China officially abandons its pursuit of “growth at all costs”

Shutterstock

How did China grow its GPD by 10 percent every year for more than three decades, from a virtual standing start, rising to become the world’s second-largest economy?

Through a simple, horrendous policy: growth at all costs.

In other words, forget about public health, screw happiness, trample justice, and fuck the environment. Just go out there and make as much damned money as you can.

But as the country begins grasping the environmental and social carnage that unchecked growth has inflicted, its leaders are realizing that “growth at all costs” is no way to live.

“A subtle shift in China is under way,” Scotiabank commodity market analyst Patricia Mohr said during a recent mining conference. “They are no longer determined to have economic growth at any cost; they want economic growth which meets their objectives.”

China’s development strategy for 2011 to 2015 notes goals in such non-economic realms as the environment, energy efficiency, and education. And the strategy, technically called the country’s 12th five-year plan, lowers economic growth aspirations to 7 percent per year. “China’s leaders are now prioritising strategies and measures to ensure long-term prosperity for the entire nation,” noted KPMG [PDF] in its analysis of the plan after it was published in 2010.

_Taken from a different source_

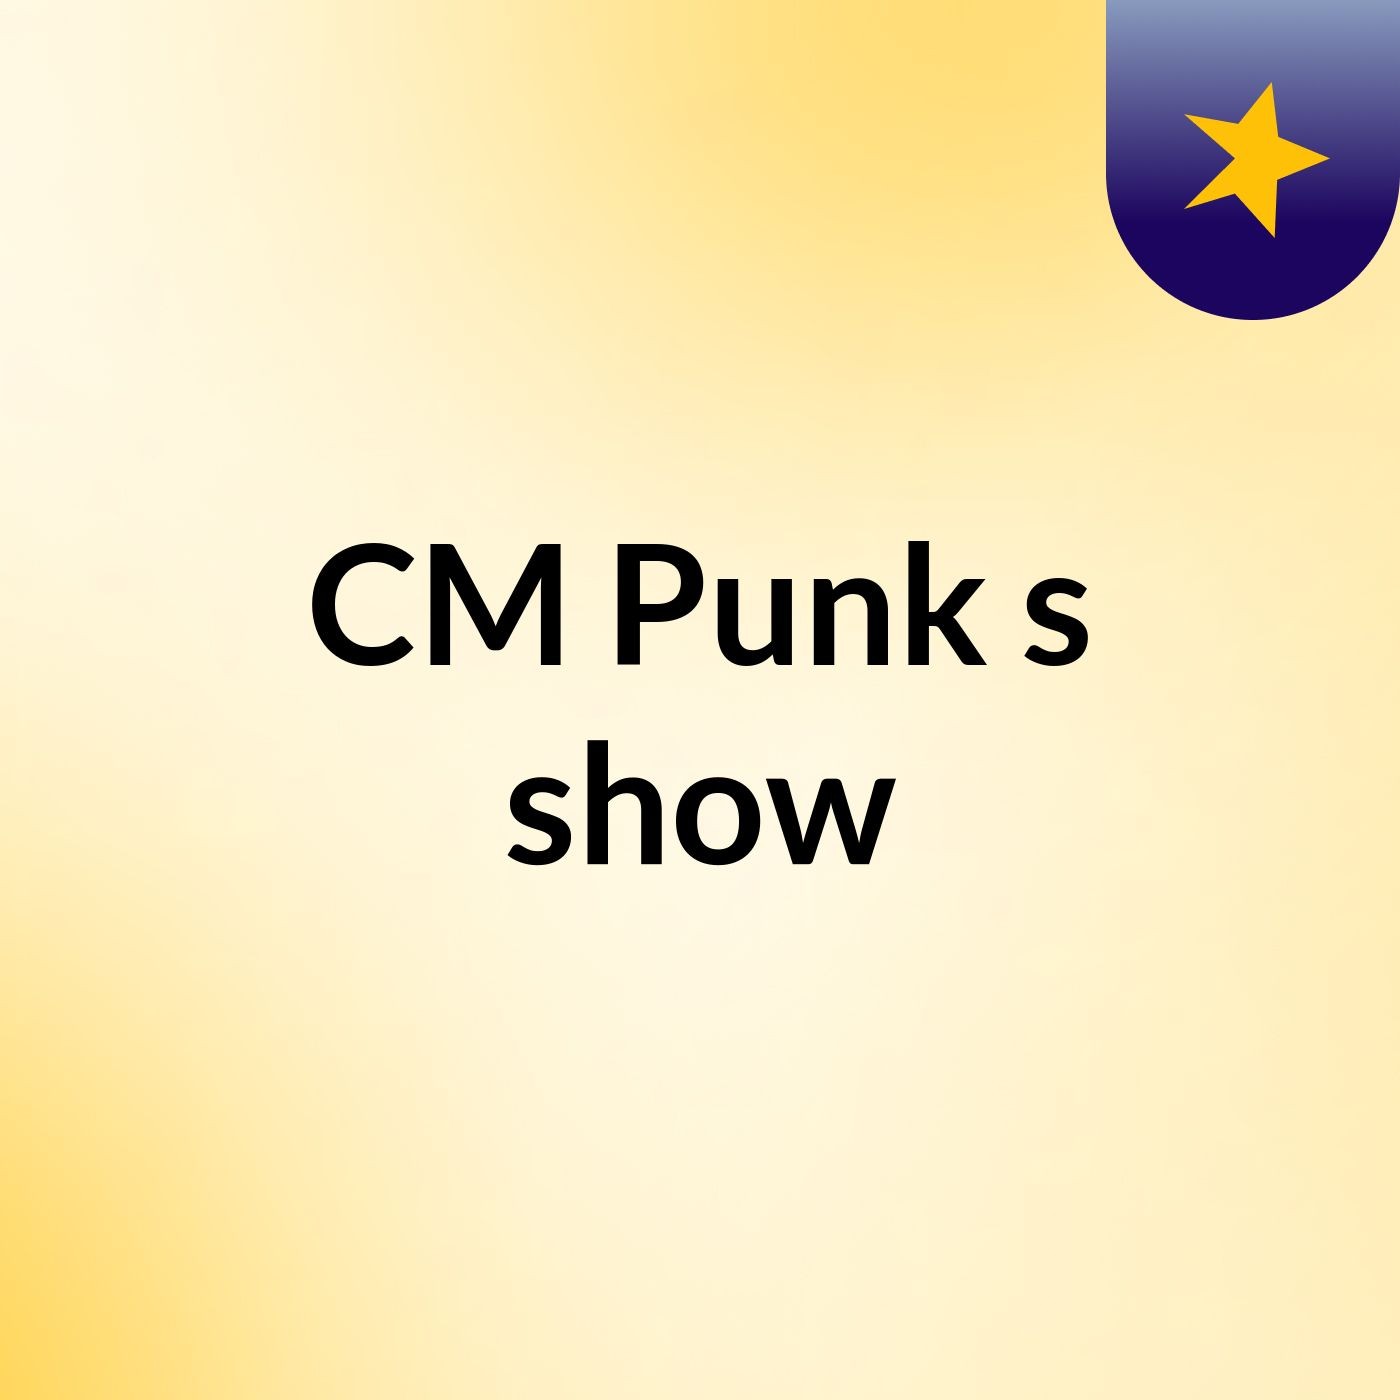 CM Punk's show

And now that subtle shift in strategy has led to a new formal policy — one that abandons the notion of growth at all costs.

Details of the policy change were outlined in economic and social reforms published last week by the ruling Communist Party. (The same document also announced an easing of the country’s one-child policy — and further reforms might be on their way, potentially allowing all families to have two children.) From Reuters:

[T]he ruling Communist Party said it would put more emphasis on environmental protection when assessing officials, and would also hold local authorities directly responsible for pollution. …

With public anger mounting over a series of scandals involving hazardous smog, contaminated soil and toxic water supplies, China has identified the environment as one of the biggest potential sources of instability. …

The new policy document said China would “correct the bias towards assessing (officials) on the speed of economic growth and increase the weight placed on other indicators such as resource use, environmental damage, ecological benefits, industrial overcapacity, scientific innovation, work safety and newly-added debt.”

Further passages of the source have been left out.